Users can use a Cloud Volumes Service backup to restore any backup version to the same or a different volume within the same region. If the source volume is deleted, the backup data is retained and needs to be managed (for example, deleted) independently.

Cloud Volumes Service backup is built into Cloud Volumes Service as option. Users can decide which volumes to protect by activating Cloud Volumes Service backup on a per-volume basis. See the Cloud Volumes Service backup documentation for information about backups, the number of maximum backup versions supported, scheduling, and pricing.

All backup data of a project is stored within a GCS bucket, which is managed by the service and not visible to the user.
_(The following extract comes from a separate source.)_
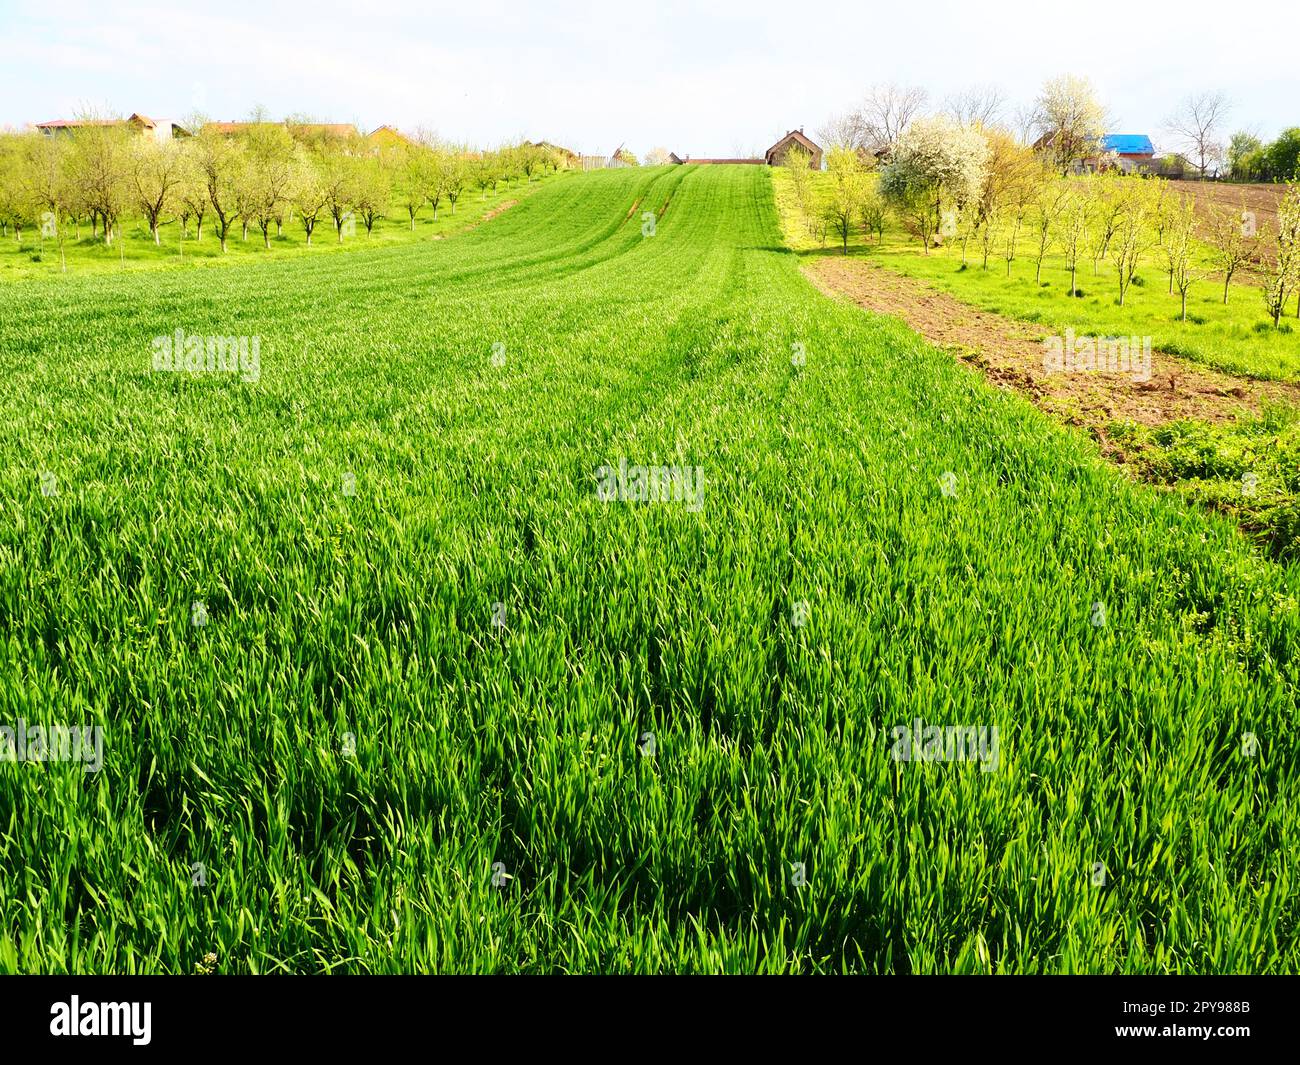 Wunderschöne grüne Weizenfelder auf dem Land. Grünes Weizenfeld. Grüne Weizensprossen auf dem Feld. Grünes Gras. Das Gras schwankt im Wind Stockfoto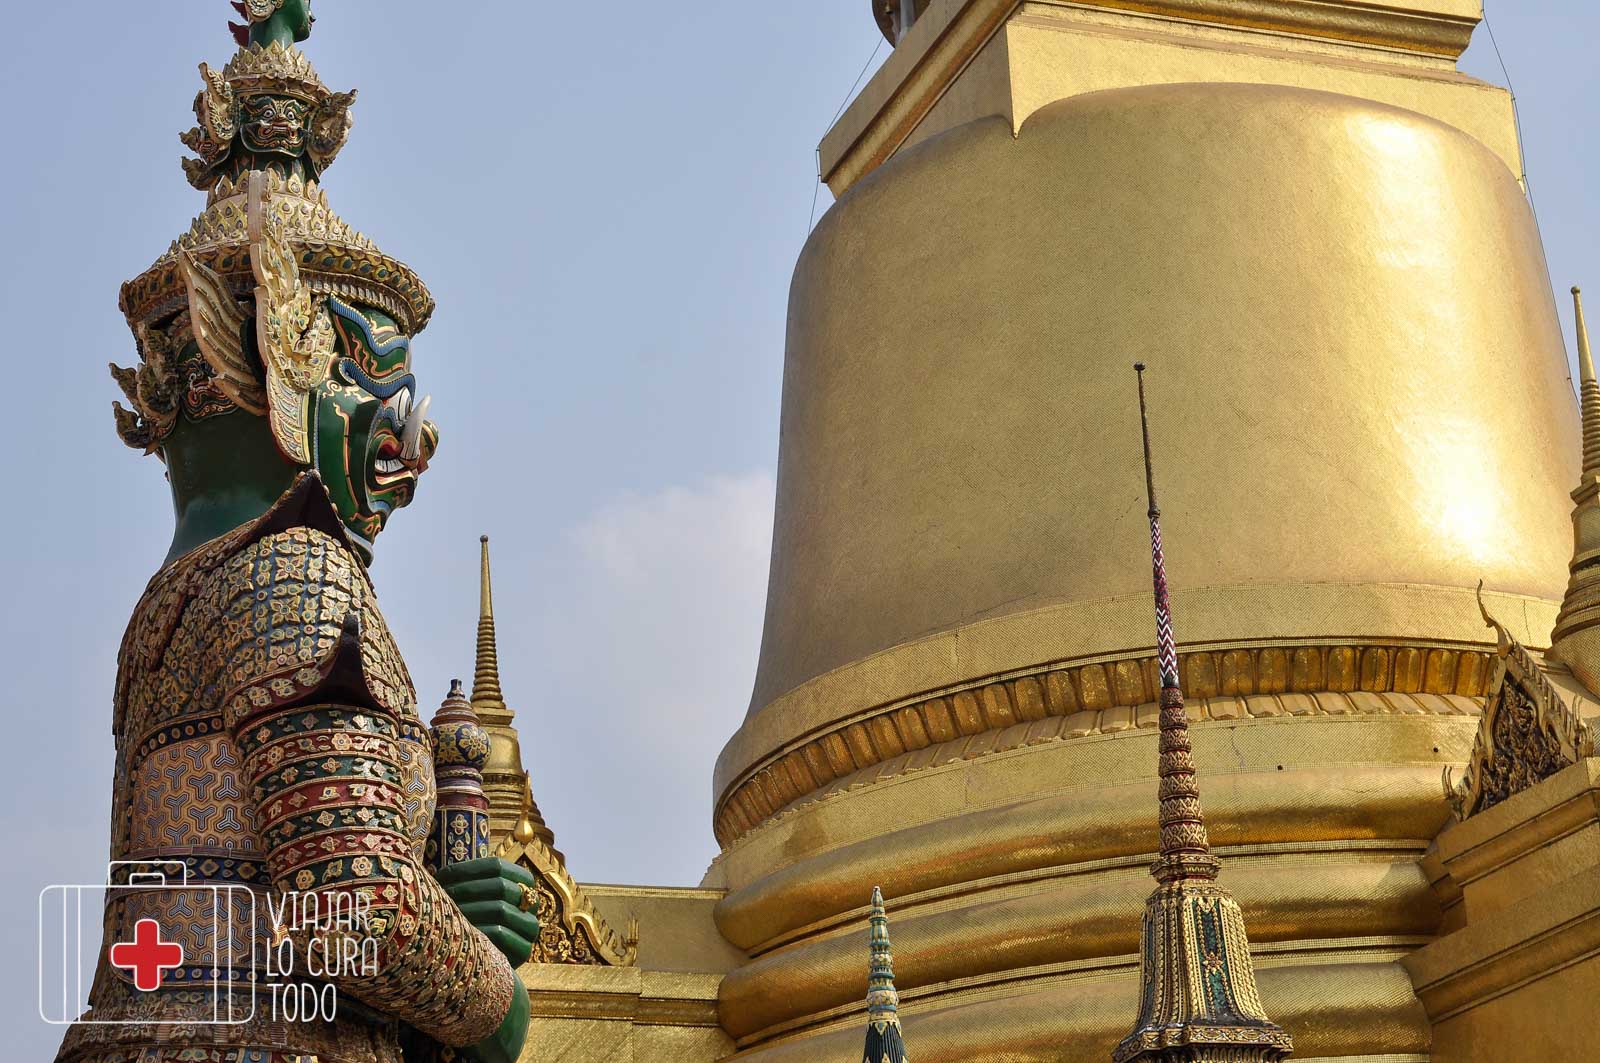 palacio real bangkok

Each project uses a different bucket. Currently, the buckets are in same region as the Cloud Volumes Service volumes, but more options are being discussed. Consult the documentation for the latest status.

Data transport from a Cloud Volumes Service bucket to GCS uses service-internal Google networks with HTTPS and TLS1.2. Data is encrypted at-rest with Google-managed keys.

To manage Cloud Volumes Service backup (creating, deleting, and restoring backups), a user must have the roles/netappcloudvolumes.admin role.